▶ YOUR ASSIGNMENT: Using the listing below, give again exactly the lines from the line with "Miu Miu Prada" to the line with "Miami Tennis unisex shirt", inclusive, without the pictures.

▶ SOURCE RECORDS:
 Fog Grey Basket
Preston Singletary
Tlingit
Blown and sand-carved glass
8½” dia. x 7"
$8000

...

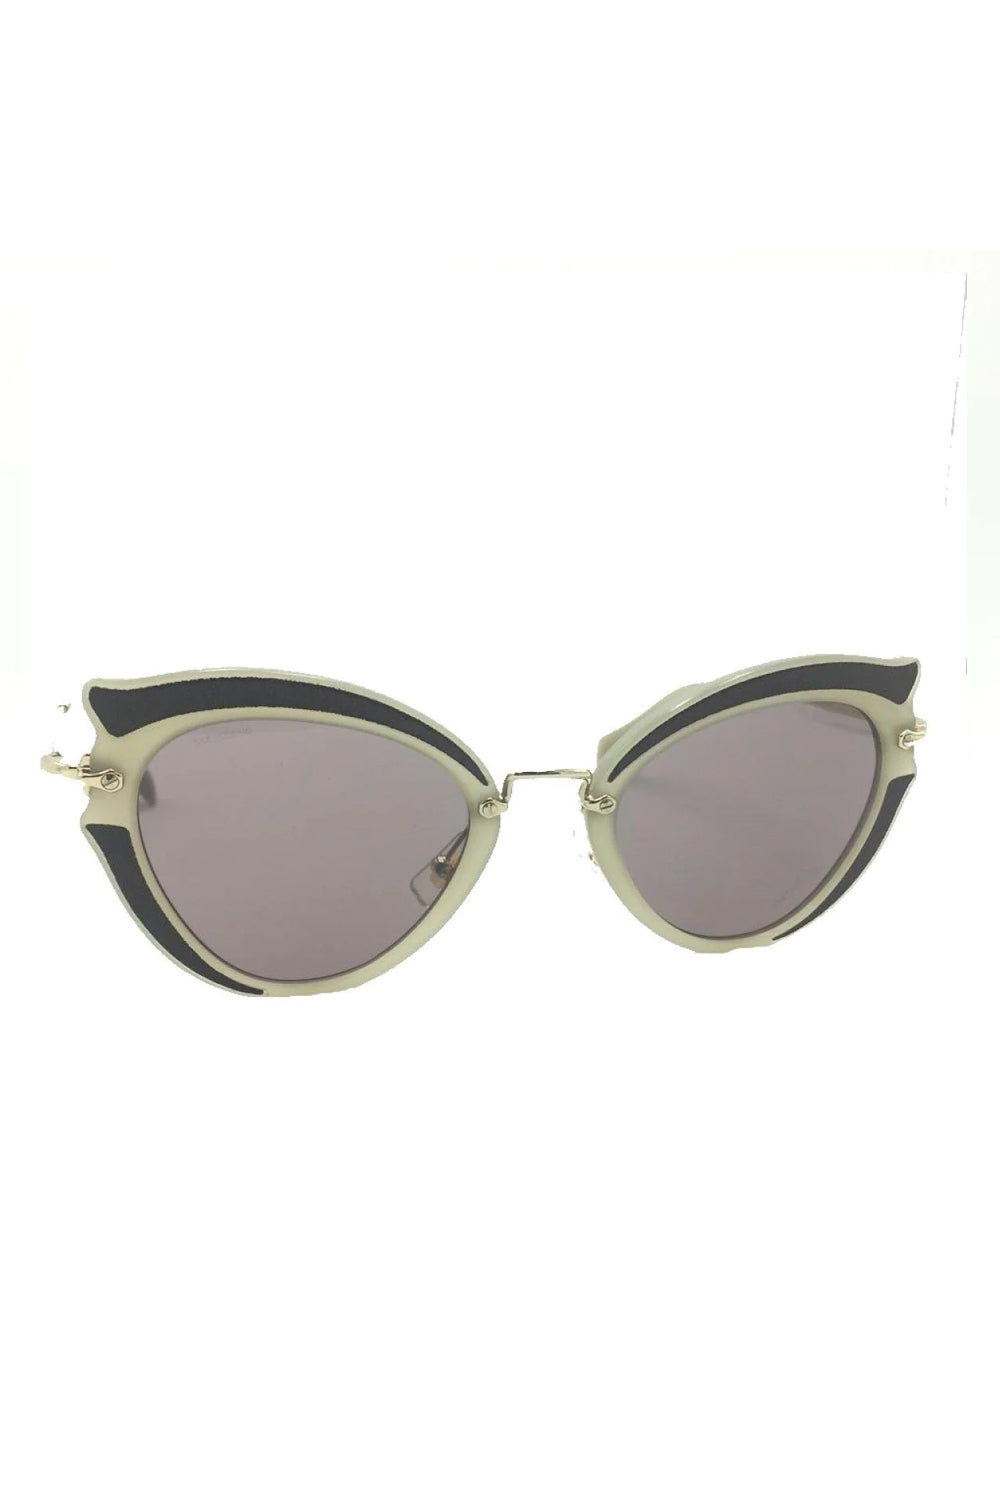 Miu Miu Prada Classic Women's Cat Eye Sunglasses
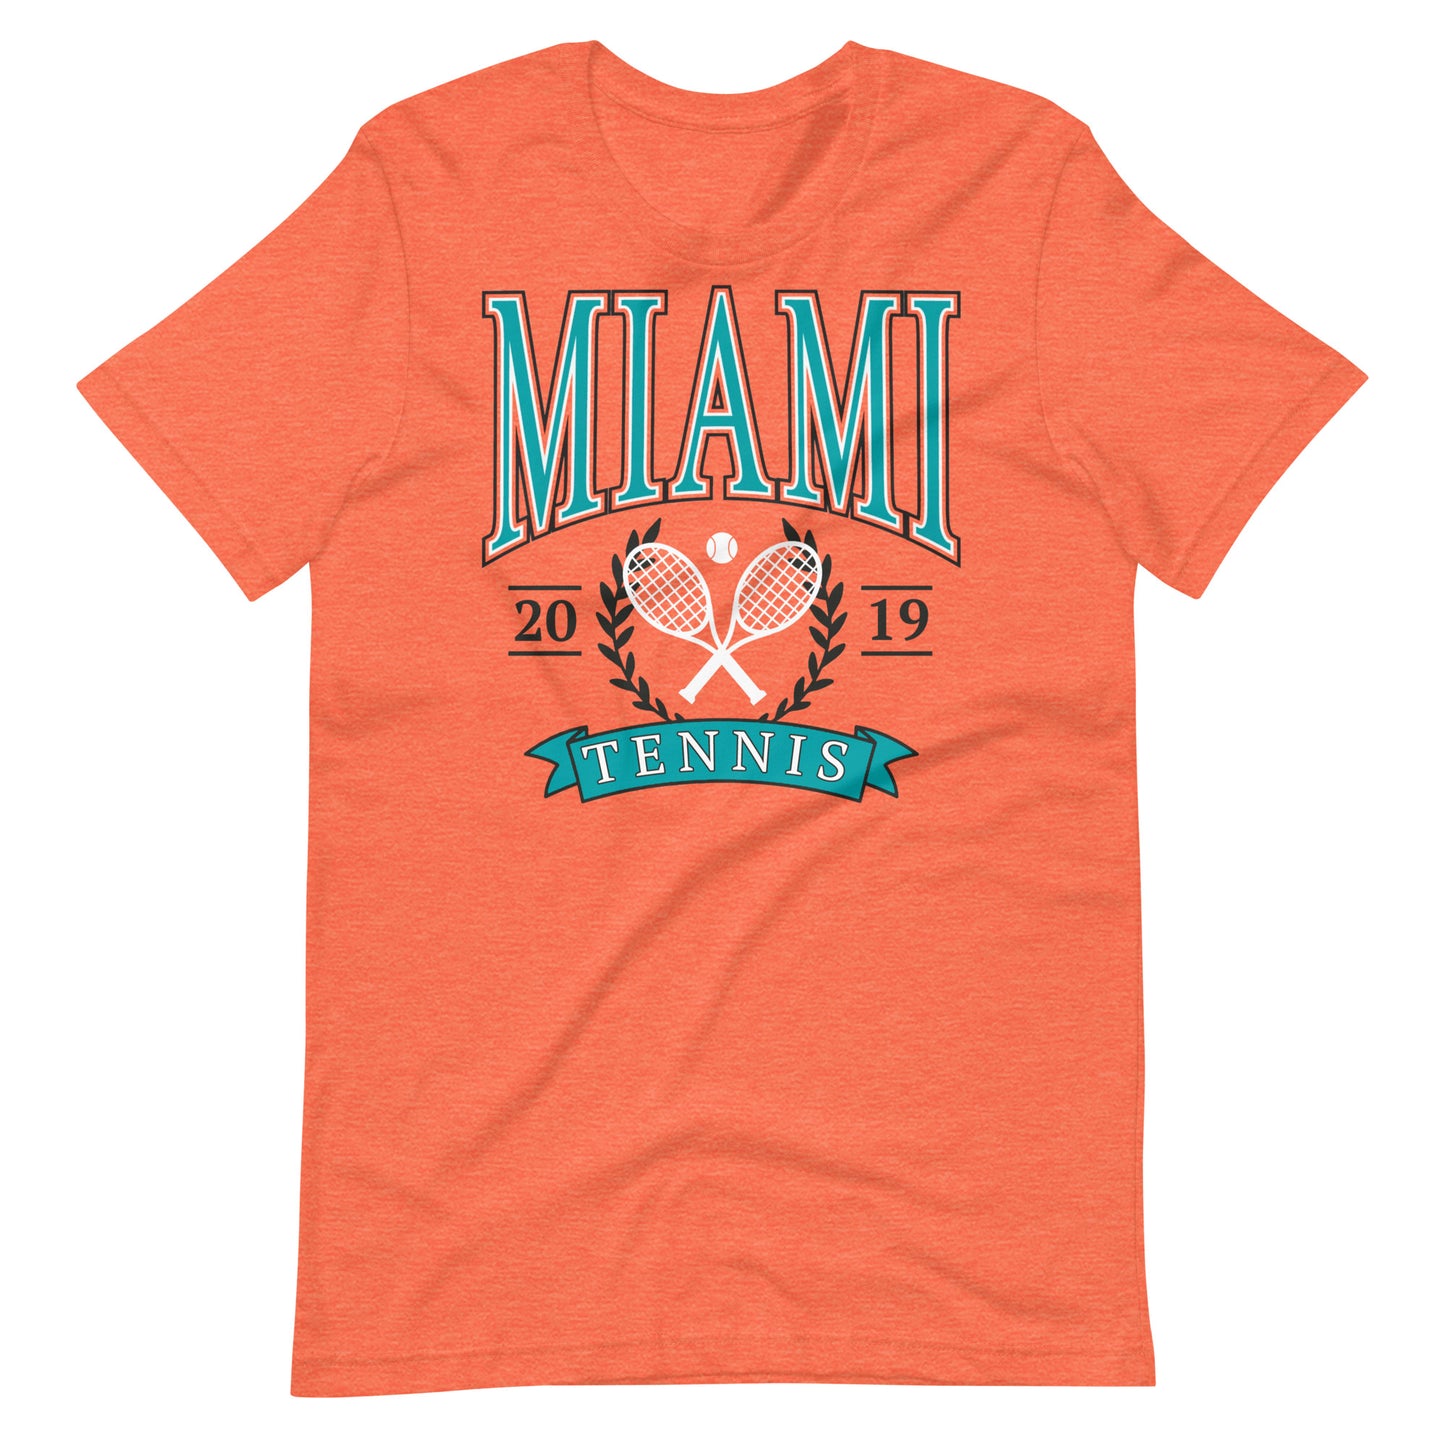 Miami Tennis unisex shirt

...

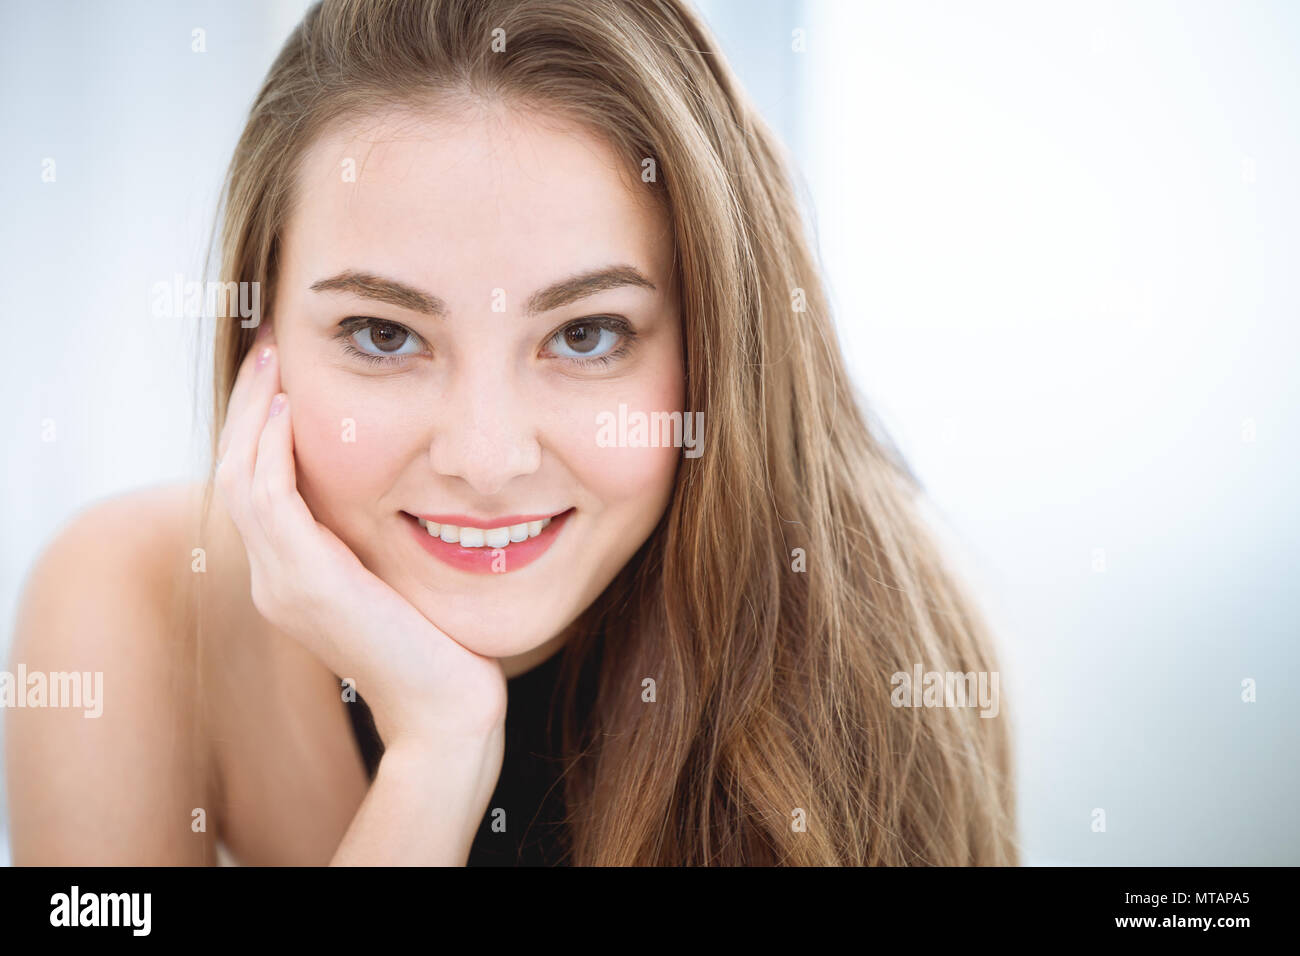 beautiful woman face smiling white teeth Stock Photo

▶ RESULT BELOW:
 Miu Miu Prada Classic Women's Cat Eye Sunglasses
 Miami Tennis unisex shirt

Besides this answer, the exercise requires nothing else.